Machine | CPU | OS | Compiler & switches | Notes | CPU time |
---|---|---|---|---|---|
Hadfield (2001) |
P3 800 MHz |
Win 2000 | df (release) | 170 | |
df (debug) | 630 | ||||
g77 -O | 340 | ||||
Linux | g77 -O | 310 | |||
Hadfield (2003) | P4 2.67 GHz DDR 266 | Win 2000 | g77 -O3 | 41 | |
g95 -O3 | 42 | ||||
df /fast | 40 | ||||
df /check:bounds | 45 | ||||
Fargo | P3 600 MHz | Linux | g77 -O | 300 | |
Lebowski | P3 600 MHz | Linux | g77 -O | 240 | |
Duathlon | Athlon MP1800 × 2 | Linux | g77 -O | 78 | |
2 concurrent runs | 110/110 | ||||
Weinberg | P4 Xeon 2.? GHz | Linux | g77 -O | 57 | |
g77 -O | REAL*4 | 38 | |||
Shuttle | Athlon XP2600 + 333FSB | Linux | g77 -O | 49 | |
g77 -O | REAL*4 | 36 | |||
Grass | P4 2.4 GHz DDR266 | Linux | g77 -O | 41 | |
Wetocean | P4 Xeon 2.4 GHz × 2 | Linux | g77 -O3 | 36 | |
g95 -O3 | 37 | ||||
Otter | P4 Xeon 2.8 GHz × 2 | Linux | g77 -O | 41 | |
f90 -O3 (Absoft) | 41 | ||||
g77 -O | 2 concurrent runs | 55–90 | |||
4 concurrent runs | 140 | ||||
Kupe | Alpha EV5 600 MHz | UNICOS/mk | f90 -O | 220 | |
Rangi | Alpha EV56 600MHz | Digital Unix | f95 -O | 110 | |
Thor | Alpha EV67 667MHz | Digital Unix | f95 -O | 32 | |
f95 -O | REAL*4 | 25 | |||
f95 -O -check bounds | 52 |
ROMS 2 is a rewrite of the model in Fortran 95, allowing multiple nested grids (not yet fully implemented) and supporting distributed–memory parallelism (via MPI) as an alternative to the shared–memory parallelism of the earlier versions. ROMS 2 includes code to measure CPU time during a run—this is the source of the numbers in the table below. One is inclined to be suspicious of these numbers at first, as they imply that the upwelling test case runs approx. 60% faster in ROMS 2 than in ROMS 1. However in several cases I have compared the CPU time reported by the model with the results of the "time" utility and found good agreement.

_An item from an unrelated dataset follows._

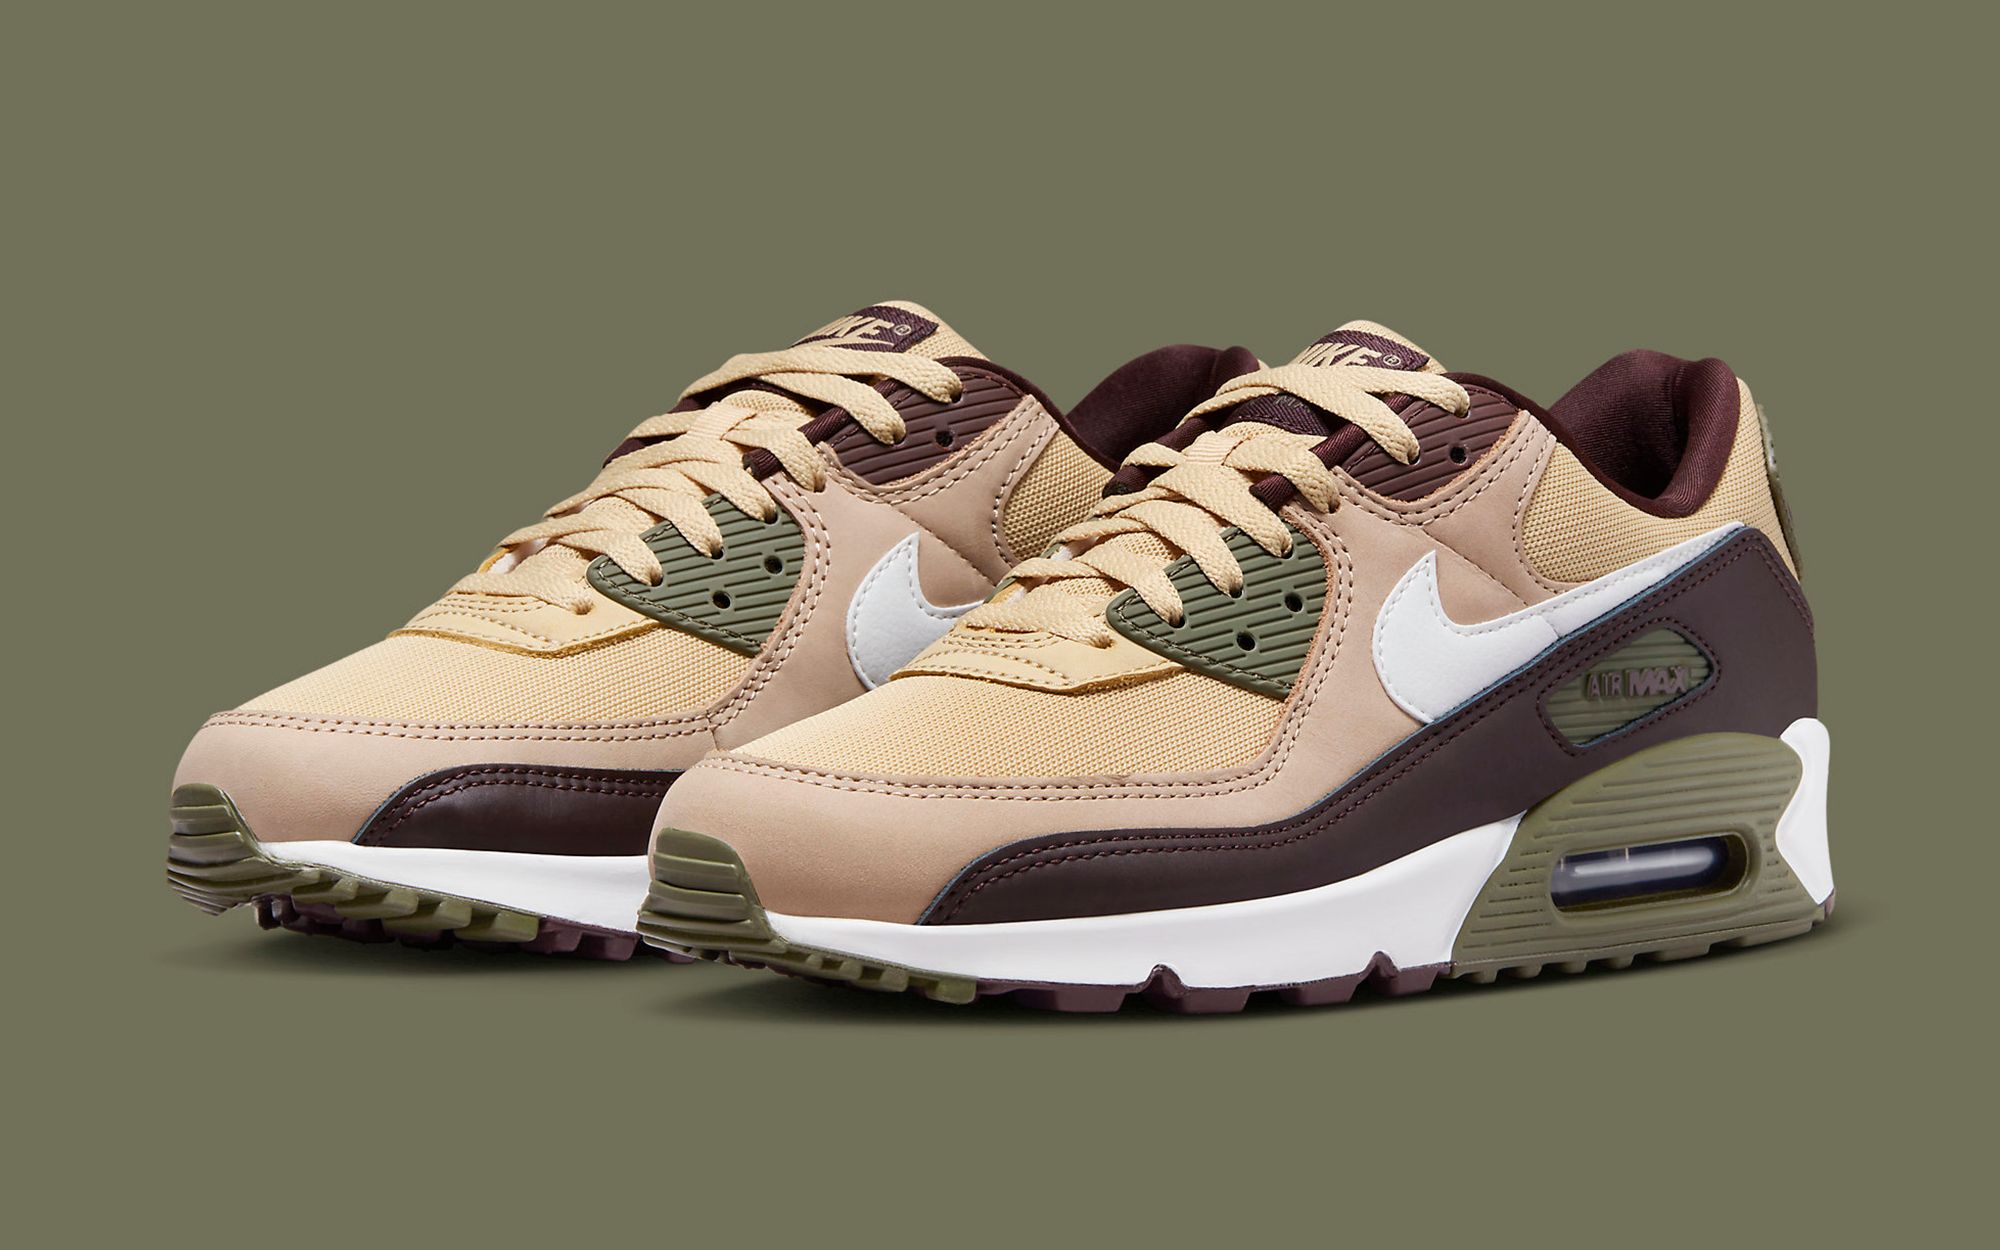 The Nike Air Max 90 Appears in Autumn-Aligned Hues | House of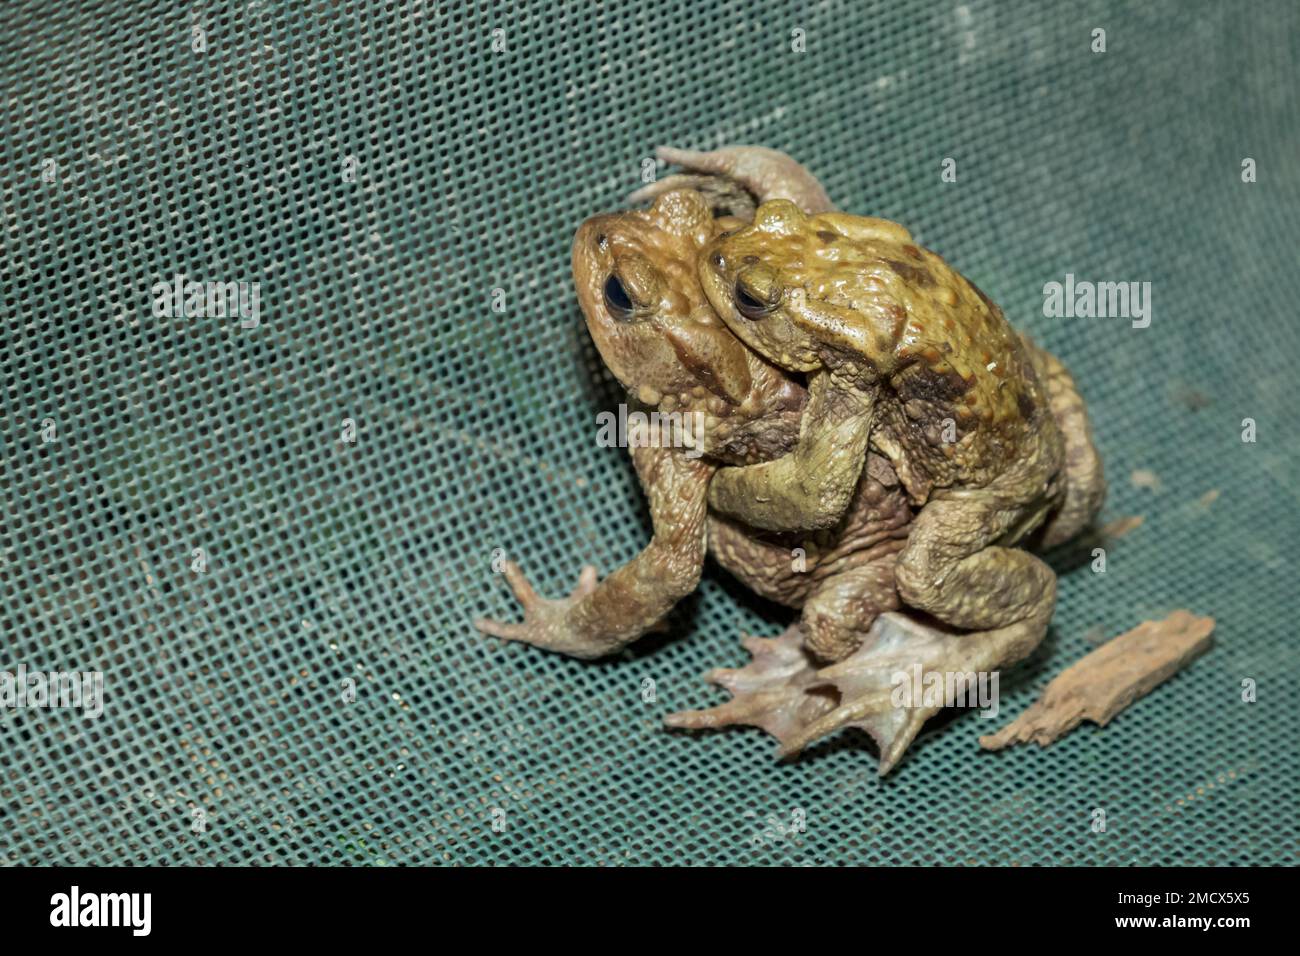 Common toads (Bufo bufo), common toad migration at the Kela pond near Limsenegg in Ruggell, Liechtenstein Stock Photo

ROMS 2 raises some interesting issues about memory handling and performance. As mentioned in the previous paragraph (see also the table below) the upwelling test case runs significantly faster on many compilers in ROMS 2 than in ROMS 1. However on some compilers (mostly older ones) early versions of ROMS 2 ran much slower than ROMS 1. This seems to be related to the way in which dummy arguments are declared in subprograms. Early versions of ROMS used explicit-shape declarations; it seems that this causes some compilers to create (unnecessary) temporary copies of array data, which slows down performance drastically. Later versions use assumed-shape declarations, which eliminates the copying. Another issue relates to tiling. Like most parallel ocean models, ROMS 2 divides the domain horizontally into tiles. In MPI mode the number of tiles must equal the number of MPI nodes (processors). In OpenMP and serial mode the number of tiles must be an integer multiple of the number of threads. I haven't experimented with OpenMP but I have played around with varying the number of tiles in serial mode. For smaller cases like UPWELLING there is no benefit in running more than one tile on a single processor, but on larger runs like BENCHMARK1 (below) the multi-tile configurations run slightly faster. This presumably occurs because the data from each tile fit in the processor's cache.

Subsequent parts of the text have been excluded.